Friday, October 16, 2009

Abortion law does affect incidence of abortion

The new, faulty Guttmacher study, which advocates expanded legal access to abortion, suggests that abortion restrictions and bans have no effect on the incidence of abortion.

This is certainly not true. As MCCL has pointed out:

The legalization of abortion may not make the procedure less risky, but it does have one clear consequence: legalizing abortion increases the number of abortions. In the United States, the abortion number skyrocketed from an estimated 98,000 per year to a peak of 1.6 million following total legalization in 1973. Explains Stanley Henshaw of the Guttmacher Institute (an advocate for legalized abortion), "In most countries, it is common after abortion is legalized for abortion rates to rise sharply for several years, then stabilize, just as we have seen in the United States."

In South Africa, for example, the number of abortions rose from an estimated 1,600 in 1996, the year before abortion was legalized, to 85,621 in 2005. By contrast, when Poland finally prohibited most abortions following decades of government-funded abortion on demand, evidence suggests that the total number of abortions (legal and illegal) fell dramatically.
Professor Michael New adds this about the Guttmacher study:
However, the [conclusion that pro-life legislation is ineffective] is faulty. Most of the countries where abortion is prohibited are in Africa, the Middle East, and Latin America. These countries have low per capita income and a higher incidence of social pathologies that may increase the perceived need for abortion. This nuance is not picked up in any of the media coverage of the AGI [Guttmacher] report.

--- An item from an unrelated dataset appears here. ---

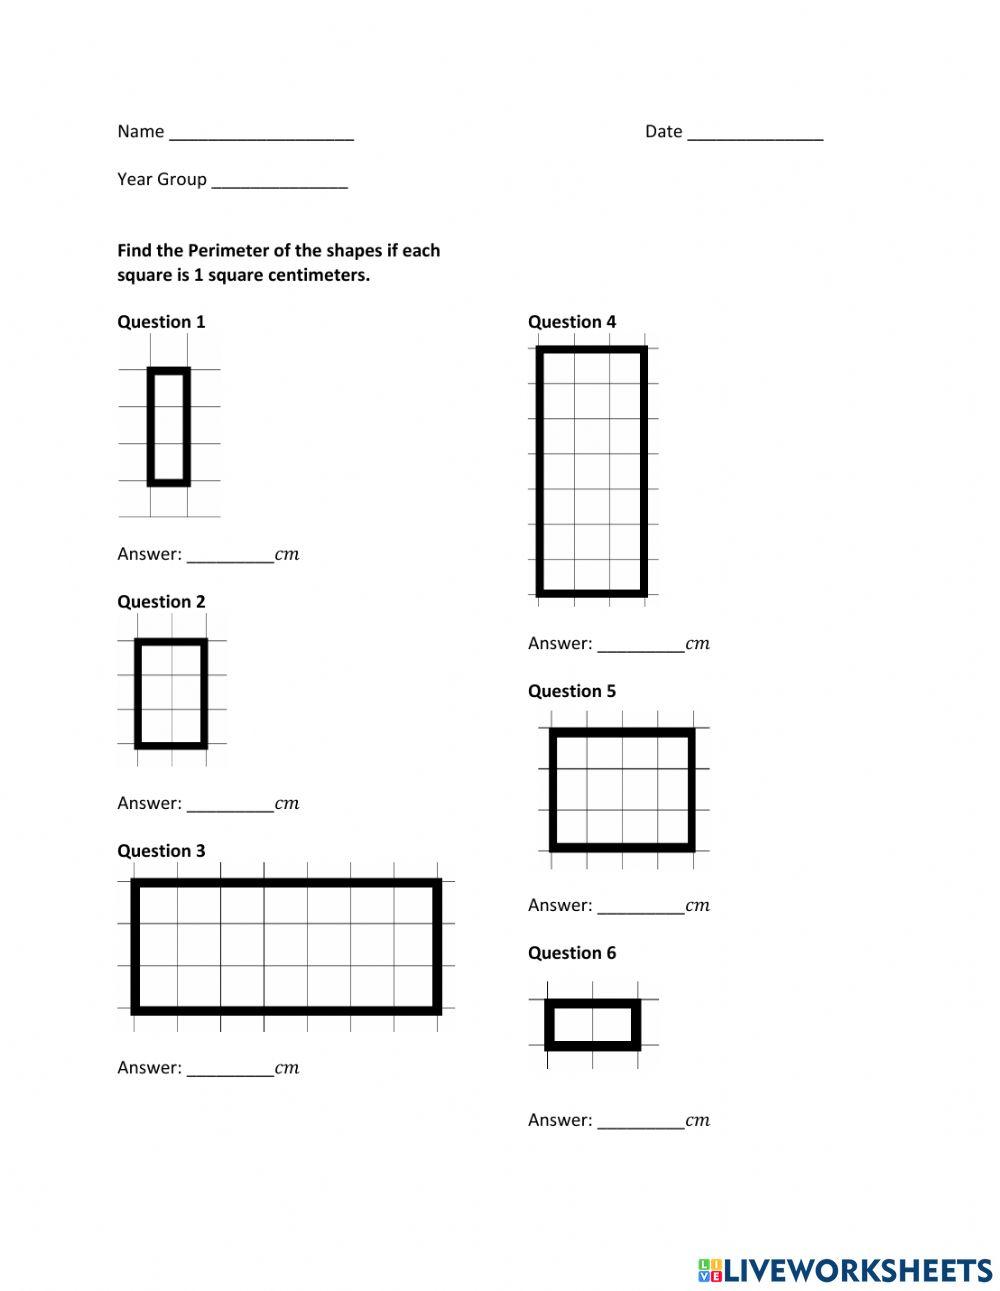 Perimeter - Counting the Sides with Grids

Interestingly, AGI has also released research that demonstrates the effectiveness of pro-life laws. This summer it released a literature review showing that 20 of 24 studies found that public funding of abortion increased abortion rates. Other AGI research has demonstrated that parental-involvement laws and well-designed informed-consent laws also reduce the incidence of abortion. Unfortunately, research like that typically receives scant attention from the mainstream media.